20    On 17 July 2023, the Administrators sent a further circular to creditors of the Companies, in which it was stated with respect to the FCA Proceedings that:

Notwithstanding the resolution passed at the creditors meeting on 17 January 2023 to accept the DOCA Proposal, the distribution of Priority Claims, the receipt of the $2.3M Deed Contribution Funds and the notice of intention to declare a dividend, we are unable to pay a distribution to unsecured creditors in accordance with the notice of intention to declare a dividend dated 5 April 2023 given the application filed by the [Commissioner].

21    As at 2 August 2023, the sum of $2,556,824.41 was held in the Administrators Trust Account (as defined in the DOCA) which comprised the deed fund (Deed Fund).

22    Pursuant to cl 12.2 of the DOCA, the Administrators are obliged to distribute funds to creditors of the Companies when they see fit to do so.

C.    Legal principles

23    Section 90-15(1) of the IPS provides that the Court may make any orders it thinks fit in relation to the external administration of a Company. Section 90-15(1) confers a “very broad” power on the Court by virtue of the words “such orders as it (the Court) thinks fit”: Kelly, in the matter of Halifax Investment Services Pty Ltd (in liquidation) (No 8) [2020] FCA 533 at [51] (Gleeson J, as her Honour then was). It includes a power to make orders determining any question arising in the external administration of the company: s 90-15(3)(a) of the IPS.

24    The principles governing the Court’s power to give directions under s 90-15(1) of the IPS, and its predecessor provisions, s 479(3) and s 511 of the Act, are well-established: In the matter of Broens Pty Limited (in liq) [2018] NSWSC 1747 at [40] (Gleeson J).

25    The “prevailing principle” to be applied in circumstances where liquidators and administrators request a judicial direction in respect of a business or commercial decision, is that the decision must give rise to an issue requiring the exercise of legal judgment.
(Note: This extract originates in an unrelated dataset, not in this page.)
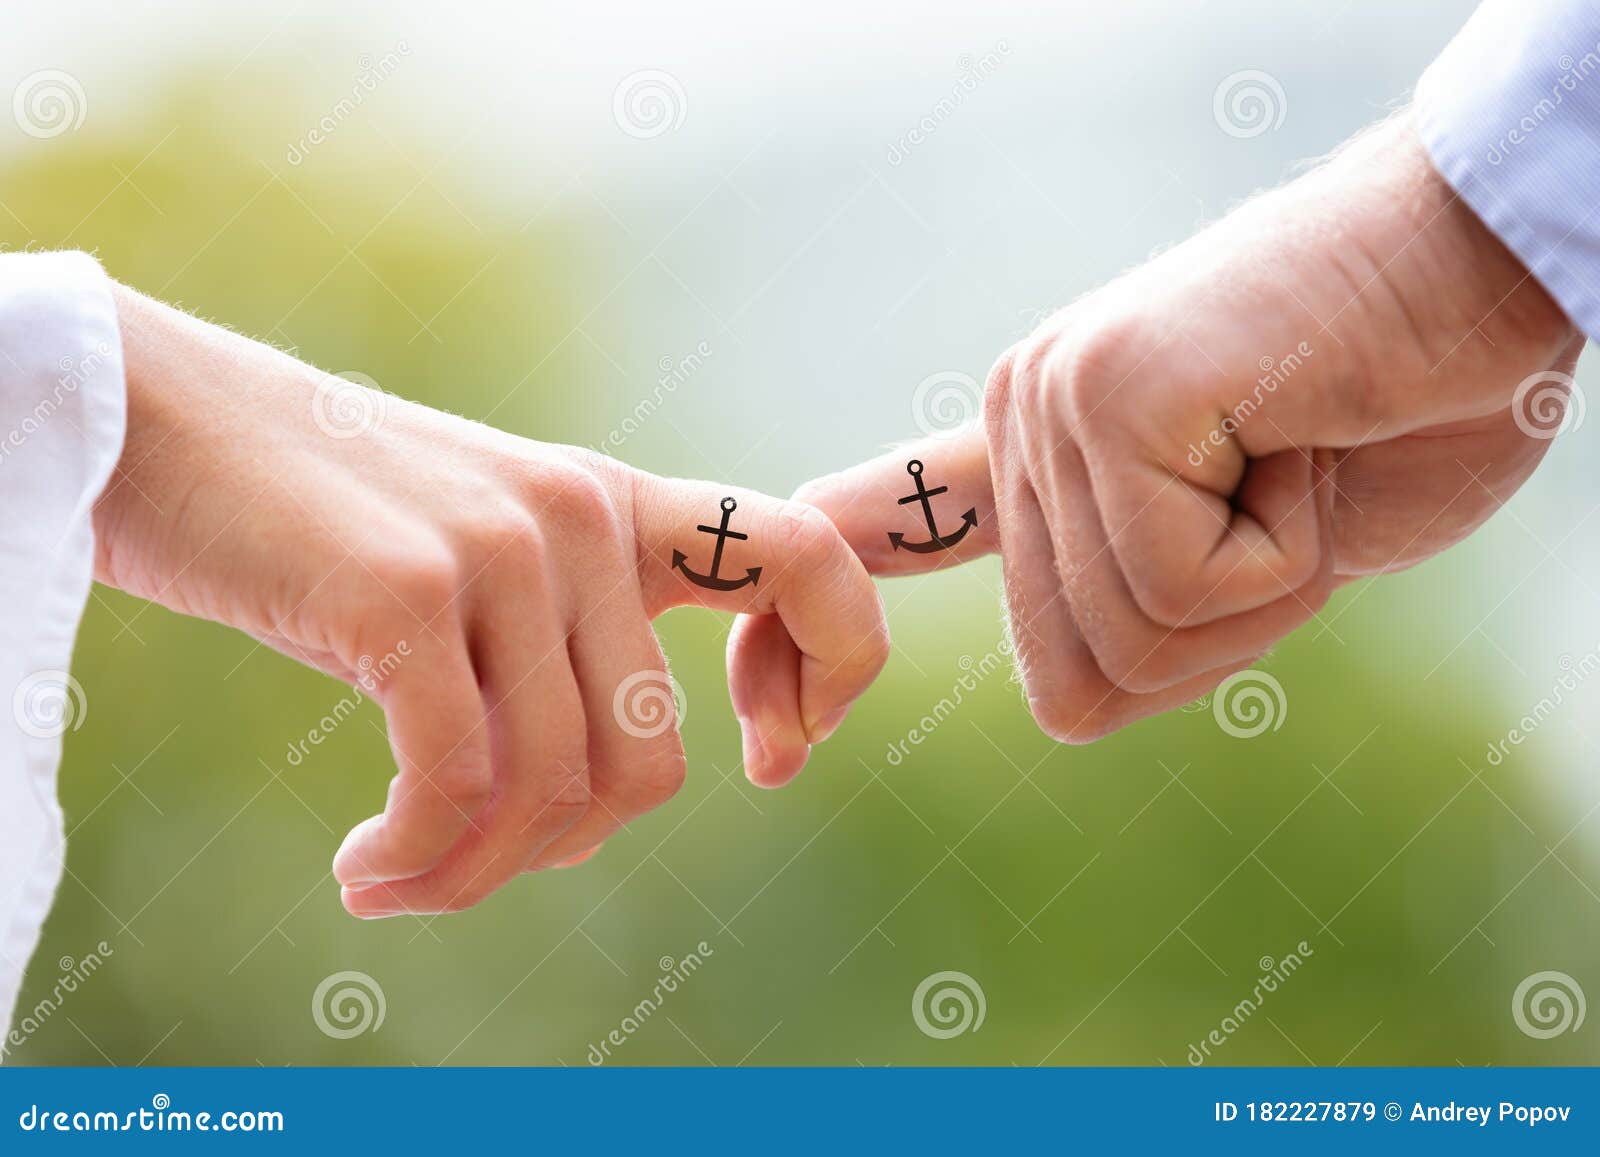 Anchor  Wheel Matching Tattoos For Couples In Love   httpbestpickrcommatchingcouplestatt  Matching tattoos Tattoos  with meaning Couples tattoo designs
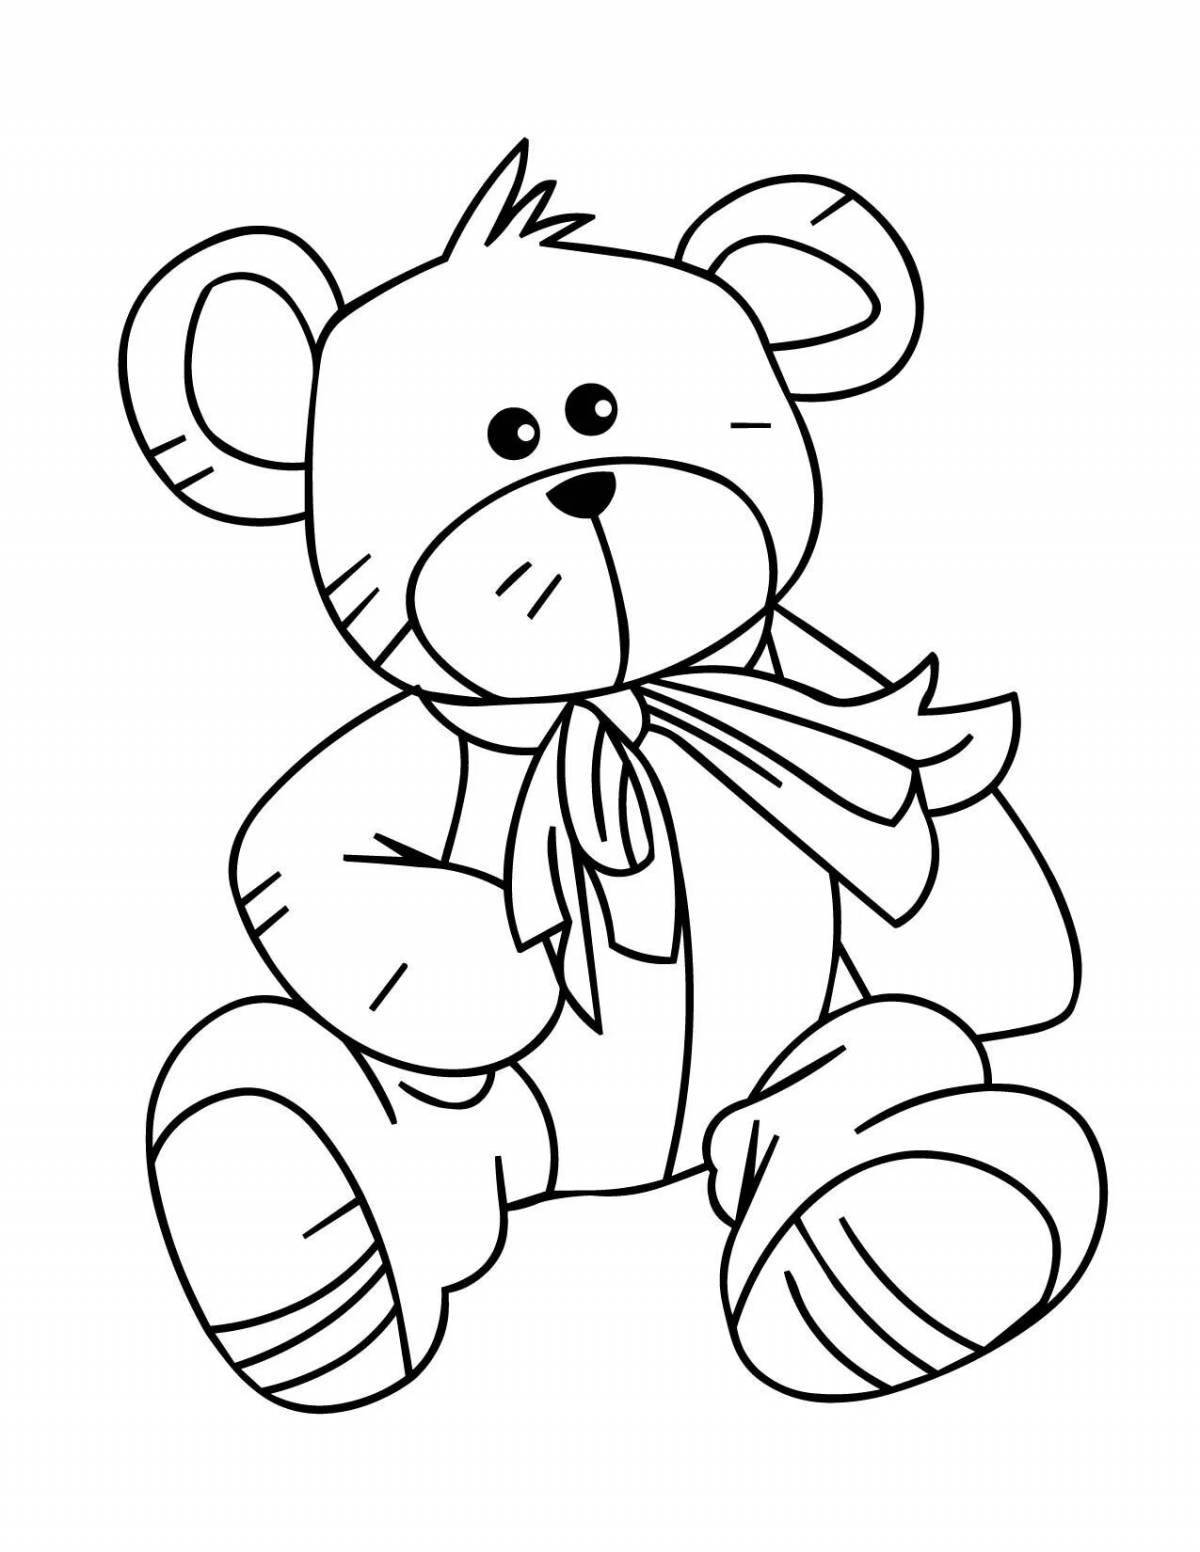 Coloring book loving teddy bear

An issue of this kind includes one of substance or procedure or of power, propriety or reasonableness of the decision: Re Ansett Australia Ltd (No 3) (2002) 115 FCR 409; [2002] FCA 90 at [65] (Goldberg J); see also Re MF Global Australia Ltd (in liq) (2012) 267 FLR 27; [2012] NSWSC 994 at [7]-[9] (Black J).

D.    Consideration

26    The DOCA does not specify any particular period by which distributions are to be made to creditors. The Administrators, however, advised creditors of the Companies on 3 March 2023 that they intended to declare a first and final dividend on 5 April 2023.

27    I am satisfied that an order should be made pursuant to s 90-15 of the IPS that the Administrators are justified and are otherwise acting reasonably in not distributing money to creditors of the Companies in accordance with the DOCA until the determination of the FCA Proceedings.

28    The decision not to pay any dividend to creditors prior to the resolution of the FCA Proceedings will inevitably lead to a delay in creditors of the Companies receiving any payments under the DOCA. The prejudice of that delay to creditors, however, needs to weighed against the prejudice to the persons who contributed the Deed Fund if the Commissioner is ultimately successful in overturning the DOCA. If the Commissioner is successful, the persons contributing the Deed Fund would likely only be able to recover the amounts that they had advanced as unsecured creditors and the benefits that they had otherwise believed they had secured for their payment of the Deed Fund would be lost. In these circumstances, in my view, this would plainly be an unjust result.

29    Further, and in any event, I am satisfied that it is in the interests of all creditors that expenses not be incurred in proceeding to declare dividends and make payments to creditors under the DOCA that then might have to be subsequently unwound in the event that the Commissioner succeeds in having the DOCA set aside. The inconvenience and costs thrown away if that were ultimately the result of the FCA Proceedings would likely be substantial, both for the Administrators and the creditors of the Companies.

E.    Disposition

30    Orders will be made substantially in the form sought by the Administrators in the originating process.

I certify that the preceding thirty (30) numbered paragraphs are a true copy of the Reasons for Judgment of the Honourable Justice Halley.